- Born: September 8, 1959 Wilmette, Illinois, US
- Died: November 5, 2013 (aged 54) Chicago, Illinois, US
- Education: New Trier High School; University of Wisconsin; California Culinary Academy;
- Spouses: ; Lisa Ehrlich ​ ​(m. 1986; div. 1990)​ Lynn Thomas (div. 2001); ; Rochelle Smith ​(m. 2010)​
- Culinary career
- Cooking style: Degustation
- Ratings Michelin stars (Restaurant Charlie); Michelin stars (Charlie Trotter's); ;
- Previous restaurants Charlie Trotter's — Chicago, Illinois; Restaurant Charlie — Las Vegas, Nevada; ;
- Television show 1999 – PBS — The Kitchen Sessions with Charlie Trotter;
- Award(s) won James Beard Foundation – Outstanding Chef 1999 ;

= Charlie Trotter =

American chef and resaurateur (1959–2013)

Charlie Trotter (September 8, 1959 – November 5, 2013) was an American chef and restaurateur. His best-known restaurant, Charlie Trotter's, was open in Chicago from 1987 to 2012.

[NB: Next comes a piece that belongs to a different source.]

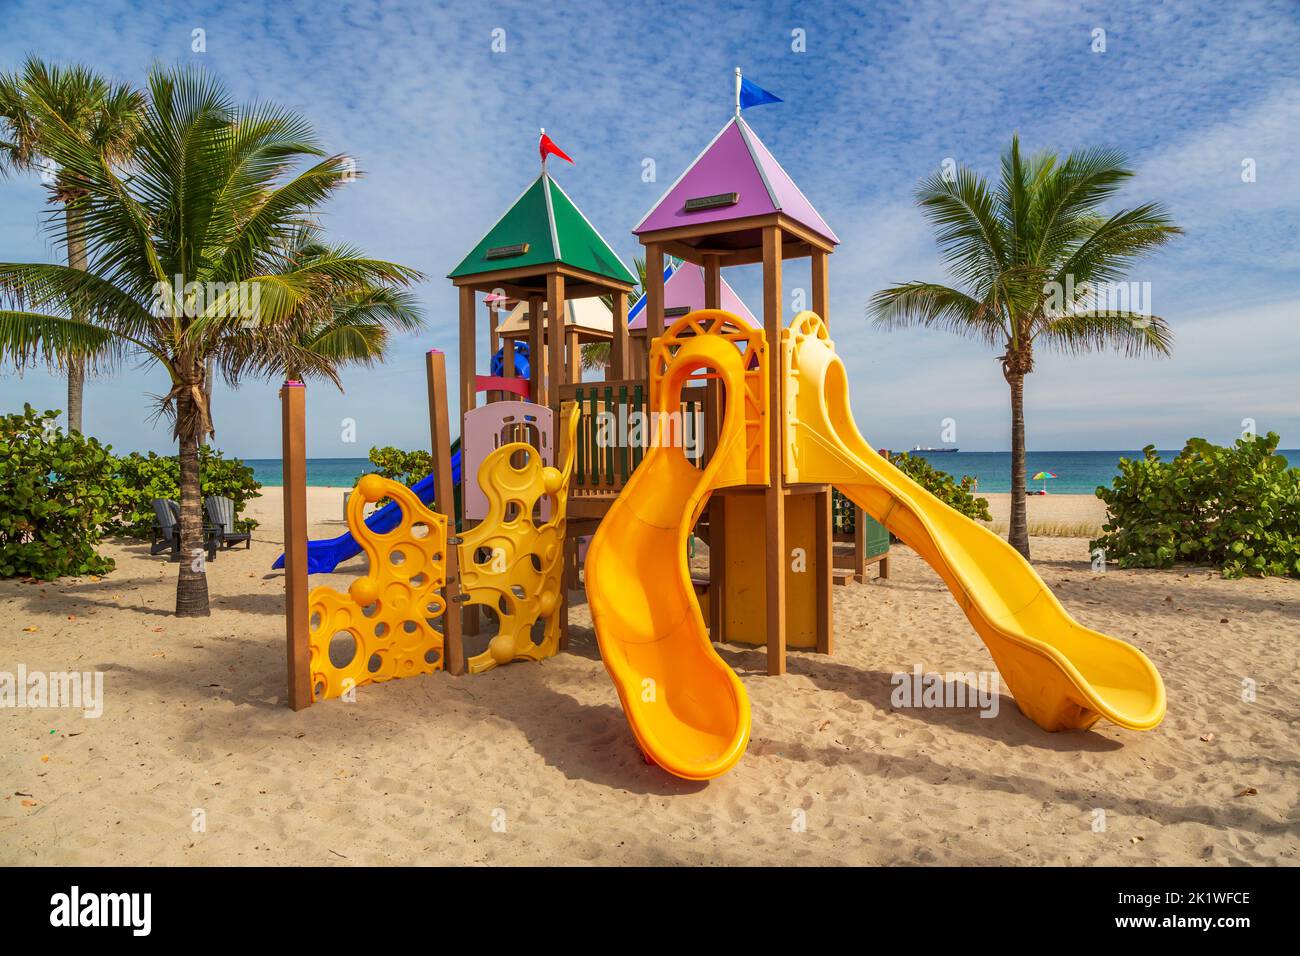 A children's play structure at Las Olas beach in Fort Lauderdale, Florida, USA. Stock Photo
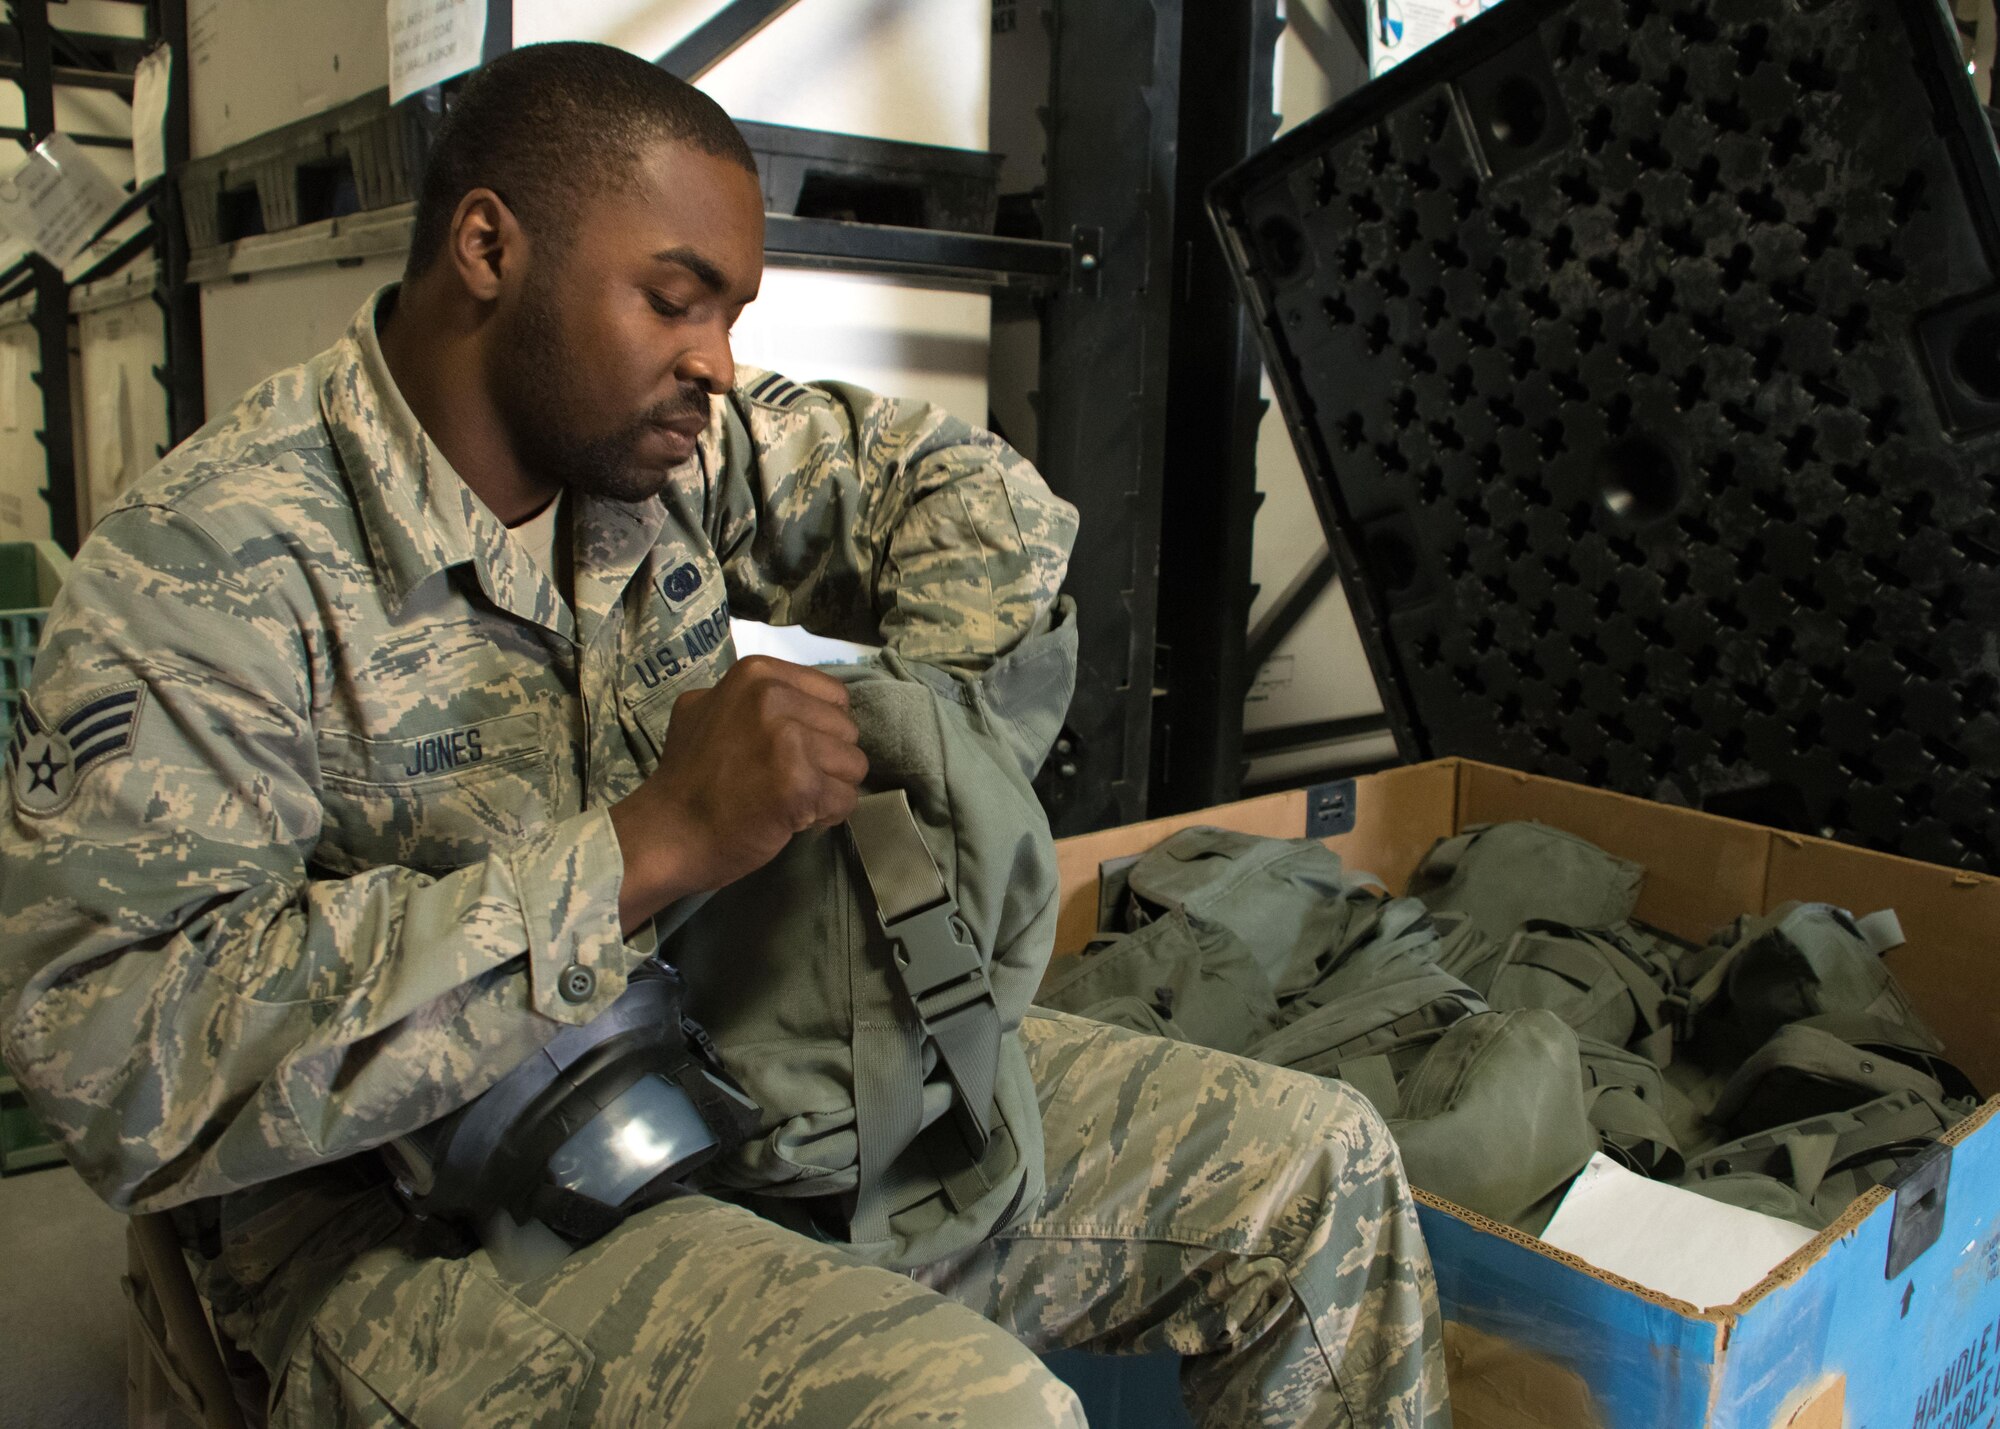 Senior Airman Antonio Jones, a 386th Expeditionary Logistics Readiness Squadron mobility technician, inventories gas masks at an undisclosed location in Southwest Asia April 7, 2017. Jones is part of the 386th ELRS expeditionary theater distribution center and is responsible for inspecting equipment and then issuing it to forward deployers. (U.S. Air Force photo/Staff Sgt. Andrew Park)

==Early life and education==
Trotter was born in Wilmette, Illinois and graduated from New Trier High School in Winnetka, Illinois. He attended Southern Illinois University in Carbondale, Illinois from 1977 to 1979, and then transferred to University of Wisconsin–Madison. Trotter started cooking professionally in 1982 after earning a political science bachelor's degree from UW–Madison.

==Career==
For five years after college, he worked and studied in Chicago, San Francisco (at the California Culinary Academy), Florida and Europe. He opened his first restaurant in Chicago with his father, Bob Trotter, as his partner.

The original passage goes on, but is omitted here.